You are a lot younger than I am and one thing I have learned in my life is that very often it is not what we humans hope and pray for that is the best that can happen.
We tend to think that if just we get this or that that or if just this or that happens then we would forever be happy but typically what we desire just makes us happy for a brief time.
It also is my experience that often can something that we at first see as unfortunate turn out to be really good in the long run.
And if I feel the need to pray it is of course to a God I believe is almighty and knows everything including what is best for me.
Invisible · 26-30, M
I think the big problem is perspective. People want things instead of wanting to [i]be[/i] things. It's almost like we have no pride for the things that we should be proud of. People look up to the people who slide to the top rather than the people who put in all the legwork.
karinaal · 70-79, F
I must admit that I have never wanted to be a thing or have seen other people as things.
Did I misunderstand you?

People take pride in many different things but to me it seems as if many today are rootless and canfused and do not know what values to believe in. I guess it has to do with how extremely fast things change in our days.
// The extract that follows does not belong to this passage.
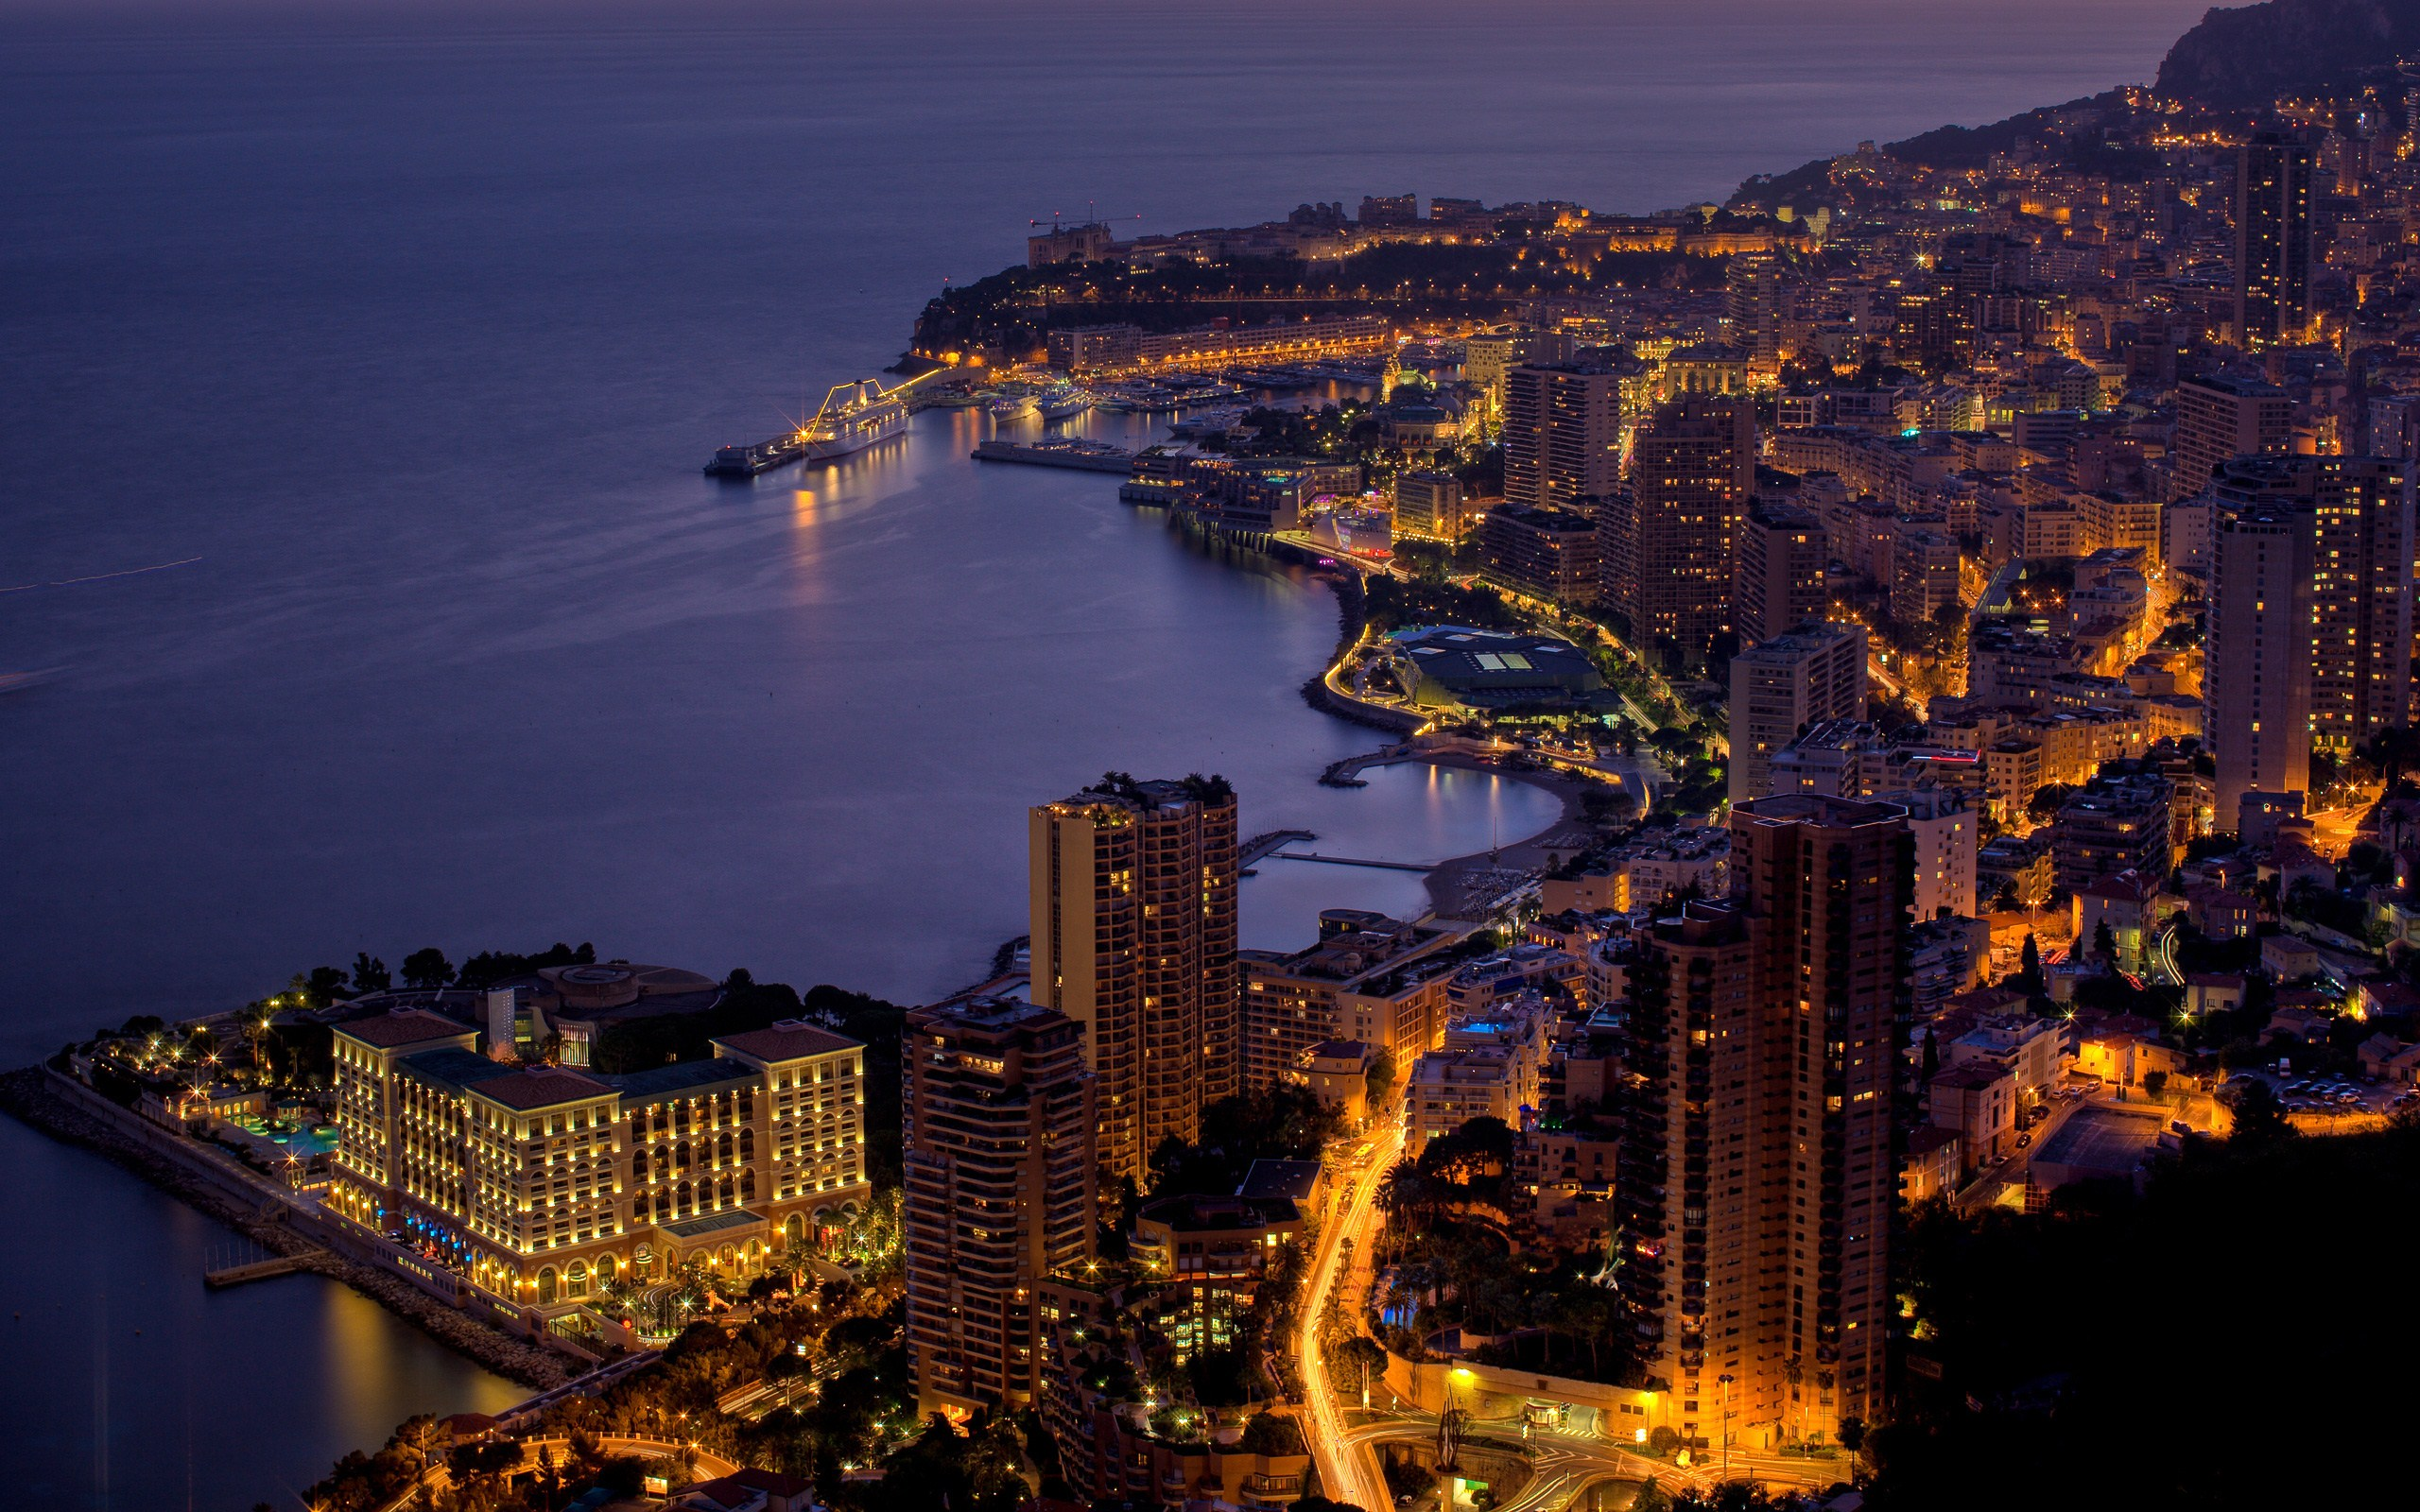 Monaco Night Full HD Wallpaper And Background Image

As for what we tend to look up to I will say that it depends very much on the culture we belong in. You are American and I am Danish and I can assure you that there are very big differences in what typically is admired in USA and what typically is admired in Denmark.
Invisible · 26-30, M
To phrase it another way: people would rather ask more of the world than ask more of themselves
karinaal · 70-79, F
That is true but again; this surely is more the case in a competitive culture than in a not so competitive culture. If focus is more on social skills and the ability to work together than on individual skills and performance then people automatically learn to care for us also because it is in their own best interest.
twistermind · 51-55, F
@karinaal: So interesting! This dialogue between you and invisible.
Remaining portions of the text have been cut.